Здесь опять должна выступить на первый план прогностическая способность первобытного человека. В условиях "поумнения" животных, при плохом качестве оружия (к животному надо было подобраться близко) смертельный риск на охоте и коллективный (требующий управления) ее характер вынуждали человека предварительно готовиться к ней.
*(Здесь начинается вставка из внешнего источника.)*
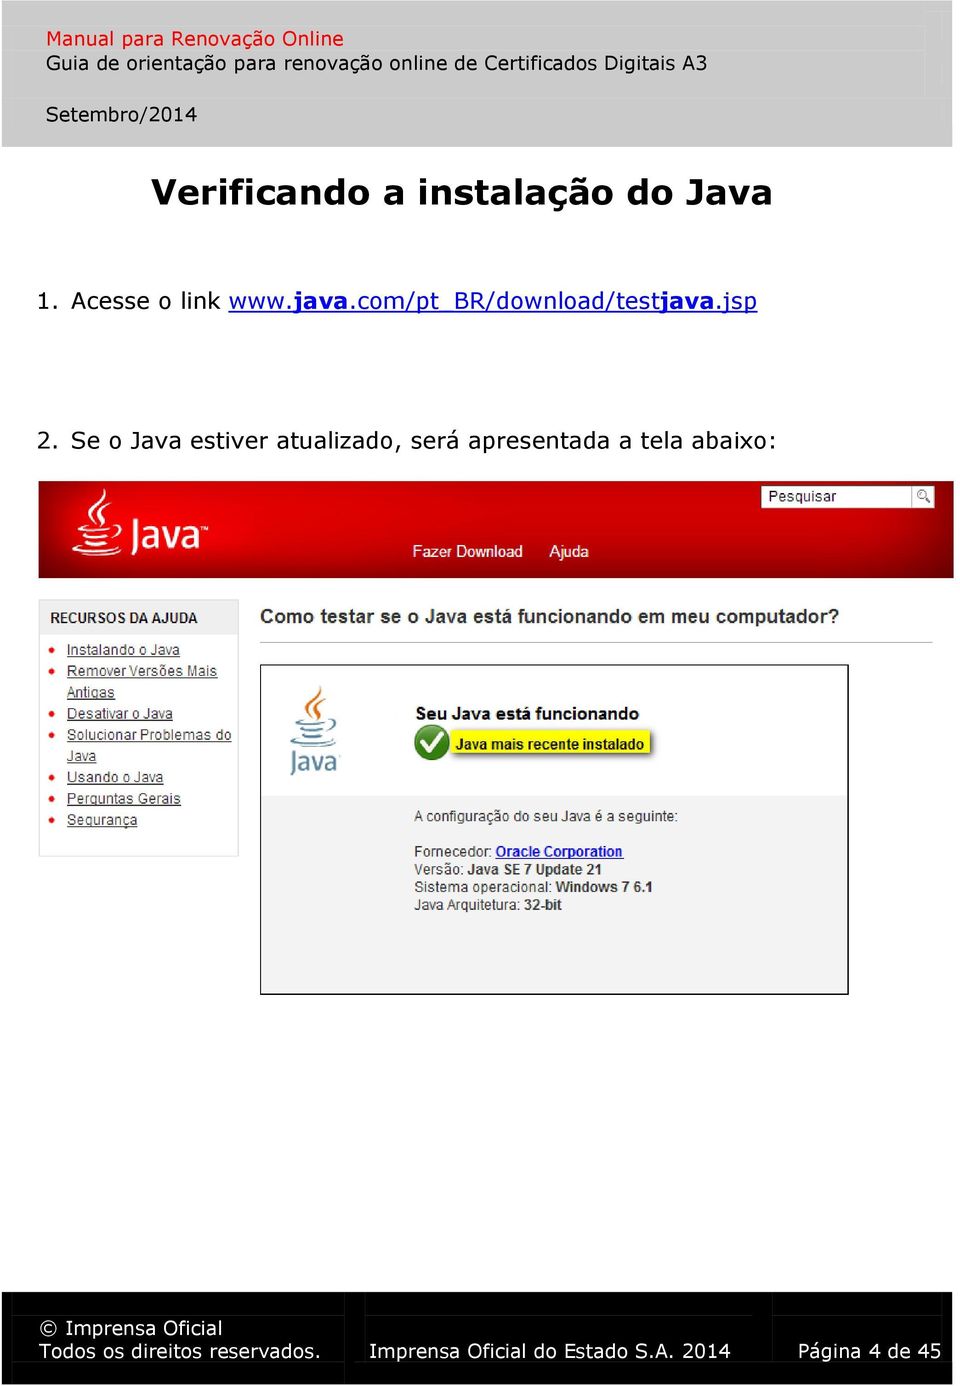 Se o Java estiver atualizado, será apresentada a tela

Необходимым условием такой подготовки должно было явиться умственное расчленение всей деятельности по решению некоторой поведенческой задачи на отдельные действия: это могло произойти уже в наличной трудовой ситуации, когда вожак племени руководит деятельностью коллектива, отдавая команды к тому или иному действию. Перенос же деятельности в воображаемую ситуацию еще более обострил необходимость в членении деятельности на действия и операции и в осознании их связи в соответствующей целостности. На это обстоятельство обращает внимание А.Н. Леонтьев: «Естественными предпосылками этого вычленения отдельных операций и приобретения ими в индивидуальной деятельности известной самостоятельности являются, по-видимому, два следующих главных (хотя и не единственных) момента. Один из них – это нередко современый характер инстинктивной деятельности и наличие примитивной "иерархии" отношений между особями, наблюдаемый в обществах высших животных, например обезьян. Другой важный момент – это выделение в деятельности животных, еще продолжающей сохранять всю свою цельность, двух различных фаз – фазы подготовления и фазы осуществления, которые могут значительно отодвигаться друг от друга во времени"[15]. Подготовка к охоте и нападению на враждебное племя, очевидно, должна была состоять как минимум в распределении ролей между воинами-охотниками, в обучении при необходимости нужным действиям, в планировании охоты (нападения), т.е. в распределении действий во времени (какие действия должны выполняться одновременно, какие – последовательно).

15

^'Леонтьев А.Н. Проблемы развития психики. М., 1972, с 271.